But this style, soothing though it may have been, was not necessarily well suited to running a big corporation. Lay had the traits of a politician: he cared deeply about appearances, he wanted people to like him, and he avoided the sort of tough decisions that were certain to make others mad. His top executives—people like Jeff Skilling—understood this about him and viewed him with something akin to contempt. They knew that as long as they steered clear of a few sacred cows, they could do whatever they wanted and Lay would never say no. On the rare occasion when circumstances forced his hand, he’d let someone else take the heat or would throw money at a problem. For years, Lay seemed to float, statesmanlike, above the fray, removed from the tough day-to-day business of cracking heads in corporate America. Somehow, until Enron fell, Ken Lay never seemed to get his hands dirty.
A man of humble origins, Lay also became addicted to the trappings of corporate royalty. For years, he spent most of his time playing power broker. He traded personal notes with presidents, pulled strings in Washington, and hobnobbed with world leaders. Back in Houston, he was known as someone whose ring any aspiring politician needed to kiss. Indeed, there was talk he would someday run for mayor—if he didn’t accept a president’s call to serve in the cabinet instead. Some of that, unquestionably, came with the territory; some of it even benefited Enron. But it came at a big cost: over time, he lost touch with his company’s business.
Though few people complained about it before Enron fell, Lay’s behavior also betrayed a powerful sense of personal entitlement. Long after his annual compensation at Enron had climbed into the millions, Lay arranged to take out large personal loans from the company. He gave Enron jobs and contracts to his relatives. And Lay and his family used Enron’s fleet of corporate jets as if they owned them. On one occasion, a secretary sought to arrange a flight for an executive on Enron business only to be told that members of the Lay family had reserved three of the company’s planes.

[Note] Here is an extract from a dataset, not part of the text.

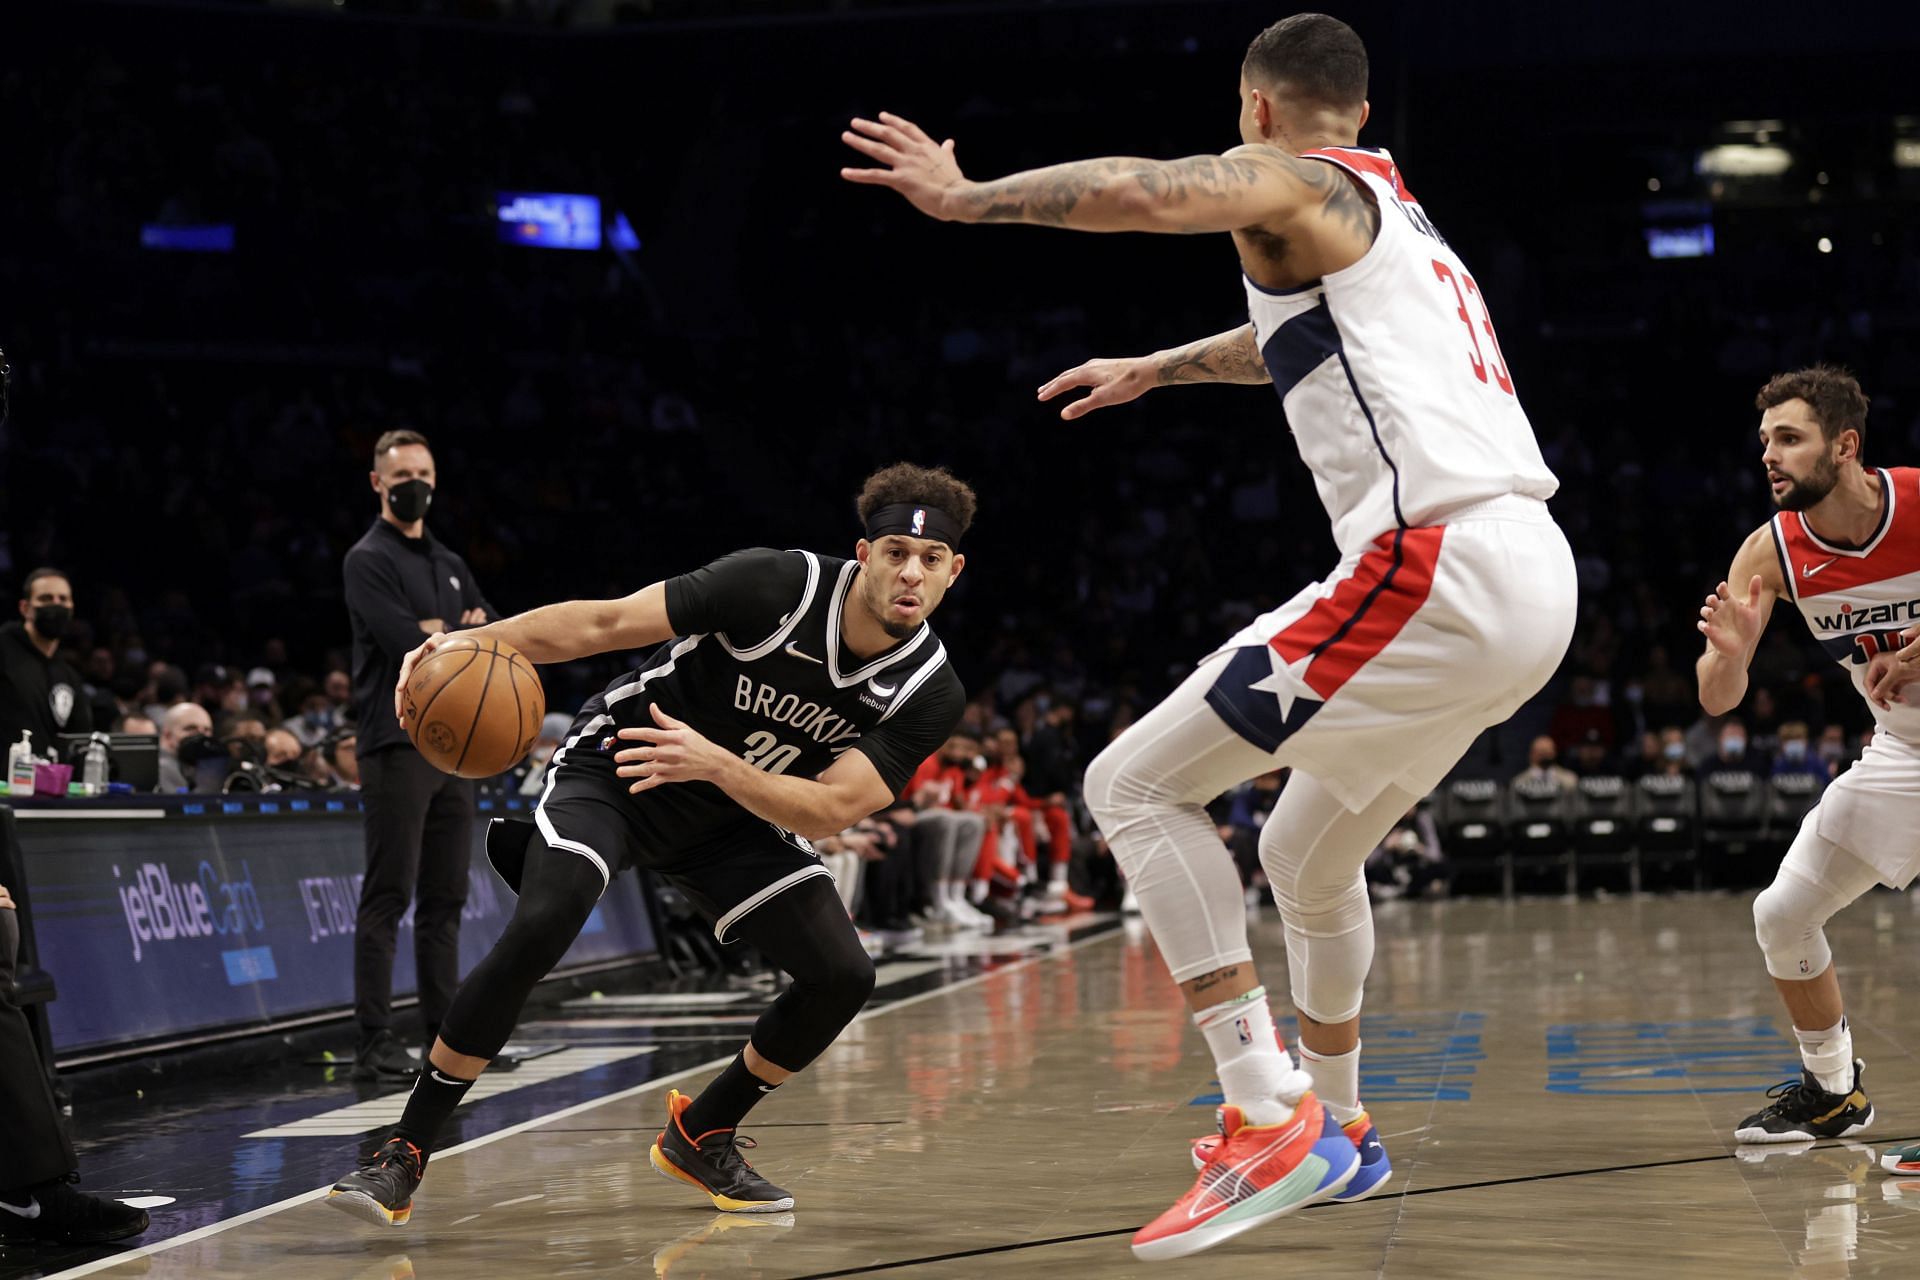 Seth Curry #30 of the Brooklyn Nets drives past Kyle Kuzma #33 of the Washington Wizards during the first half at Barclays Center on February 17, 2022 in New York City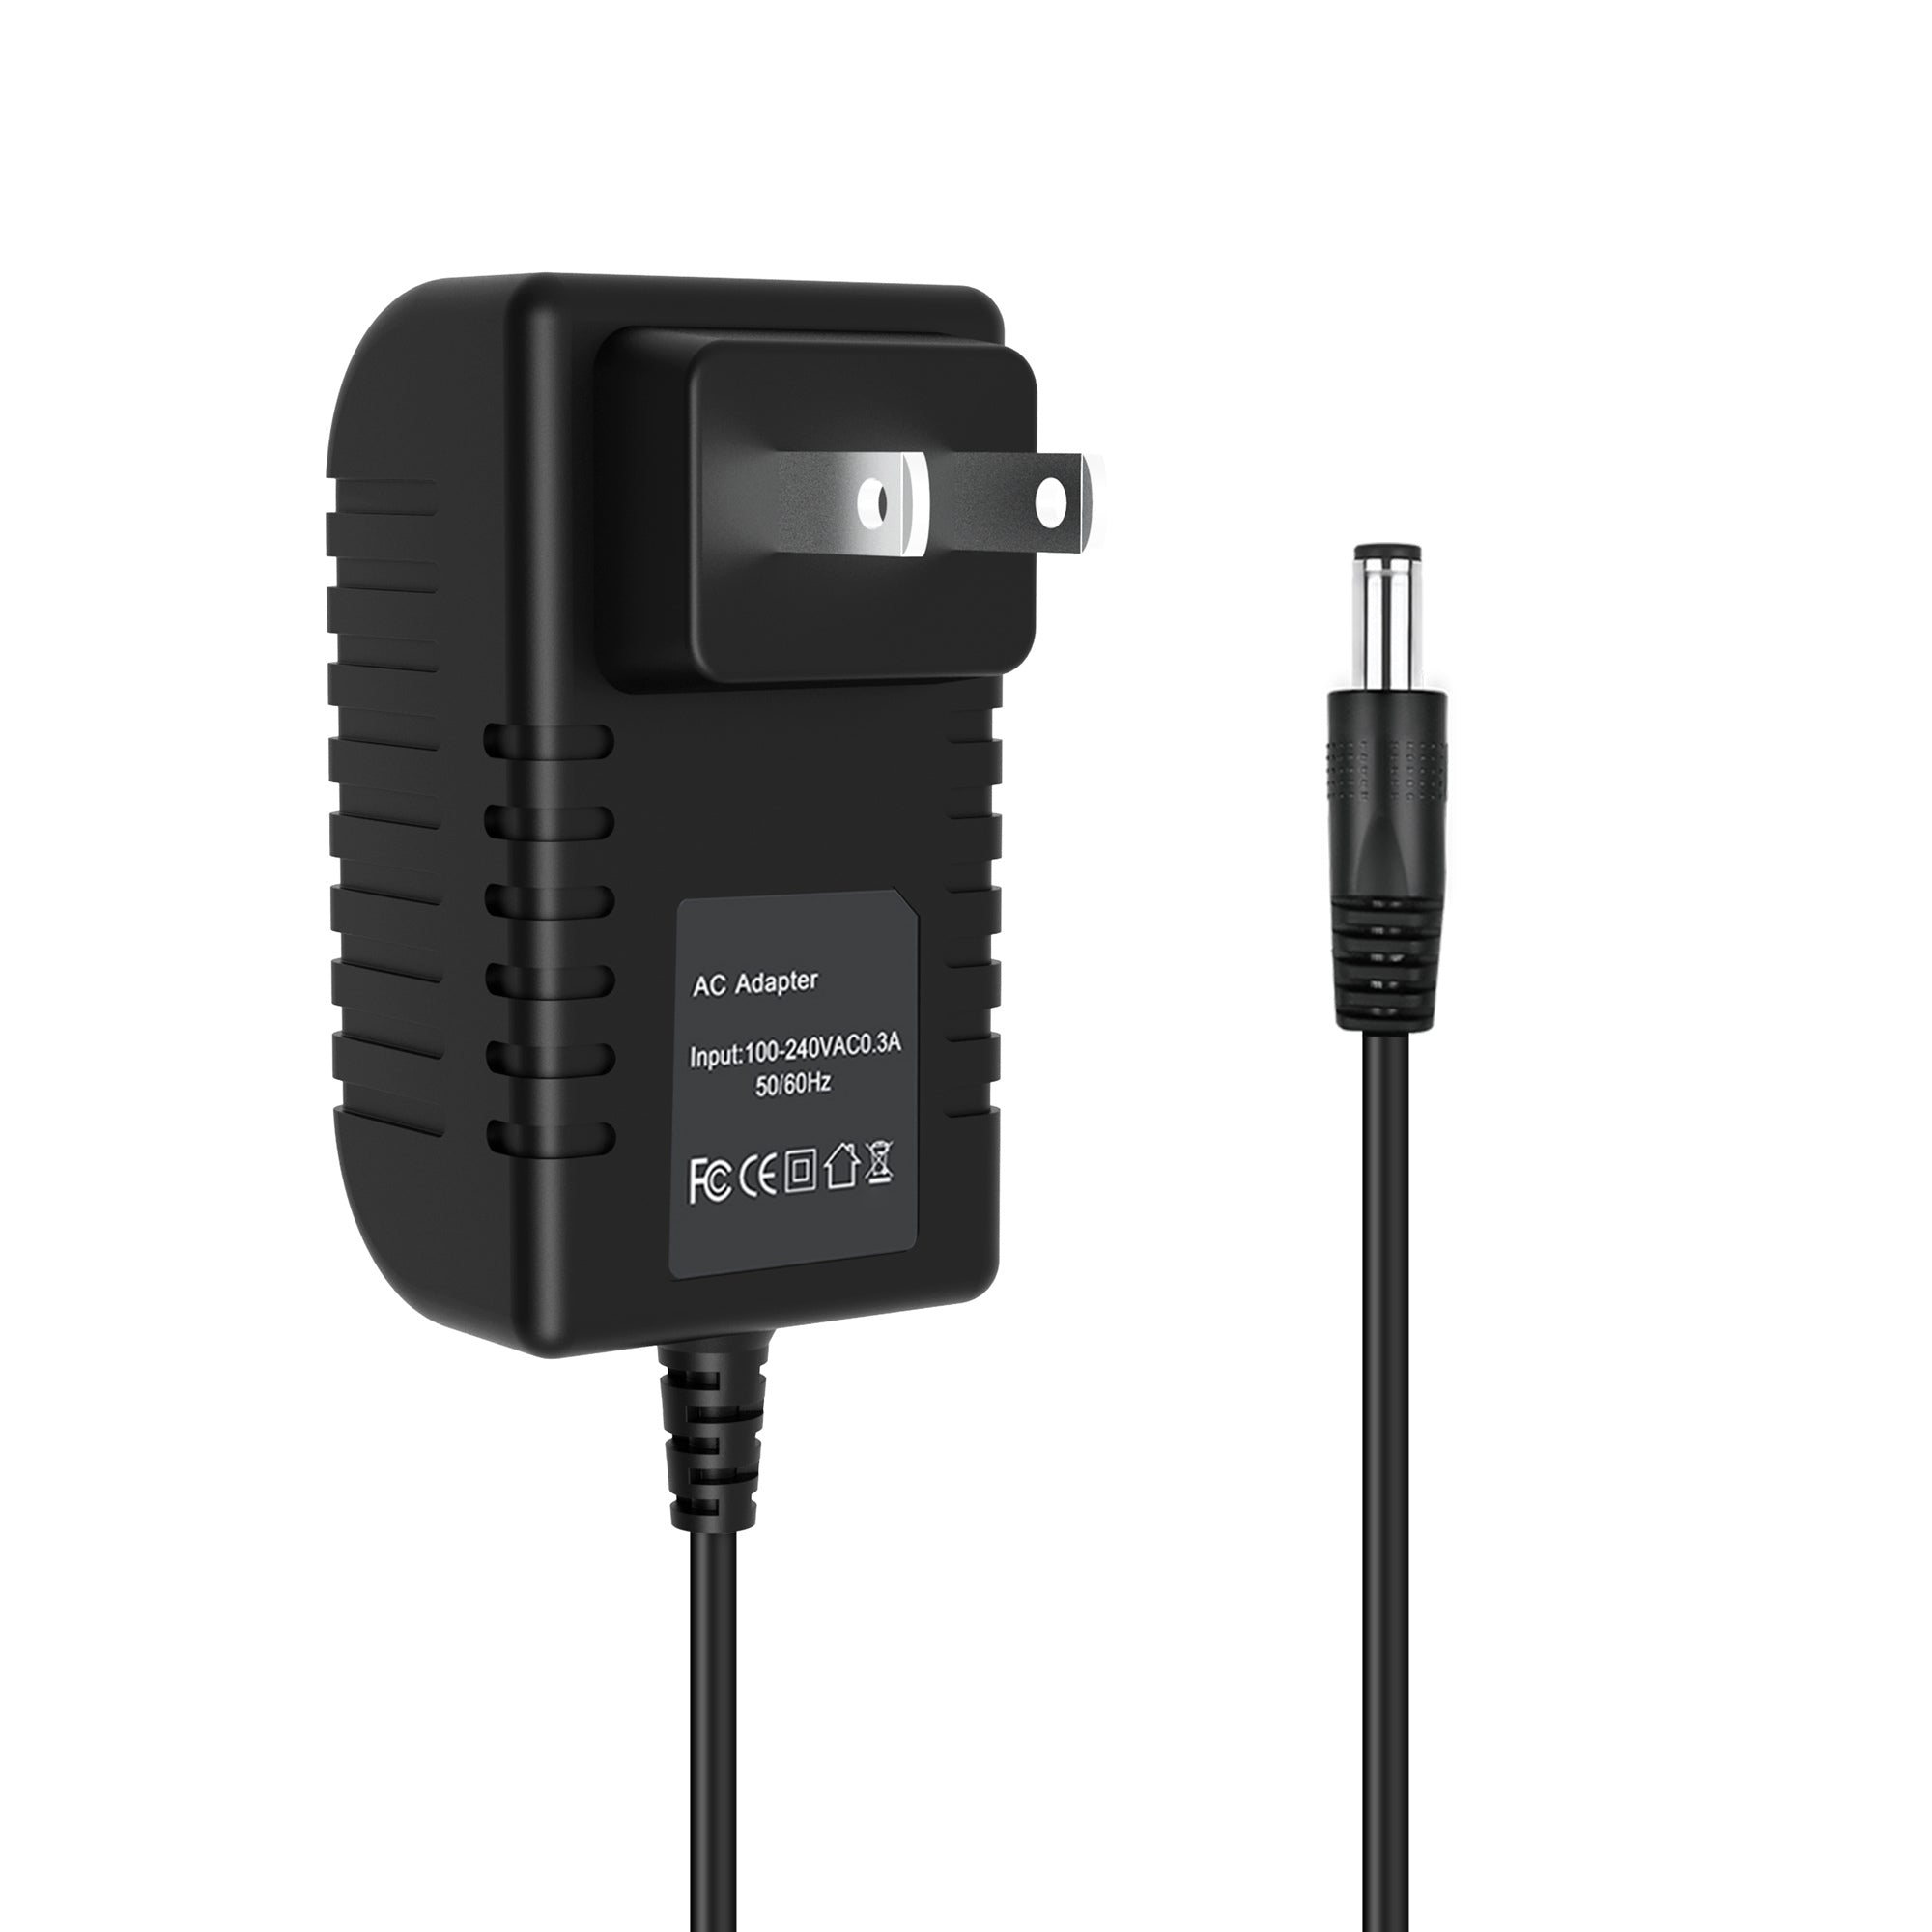 AbleGrid AC/DC Adapter Compatible with D Dunlop Model No.: AD-1815 ECB 004 ECB004 US P/N: 19089001701 18VDC World Wide Use Power Supply Cord Cable Wall Charger Mains PSU

At lunchtime, top Enron executives, who worked on the richly paneled fiftieth floor of the company’s headquarters tower in downtown Houston, routinely dispatched their assistants to fetch lunch so they could eat at their desks. Most ate their sandwiches on deli paper. Not Ken Lay. When his meal arrived, his staff carefully unwrapped it, placed the food on fine china, and served him lunch on a covered silver platter.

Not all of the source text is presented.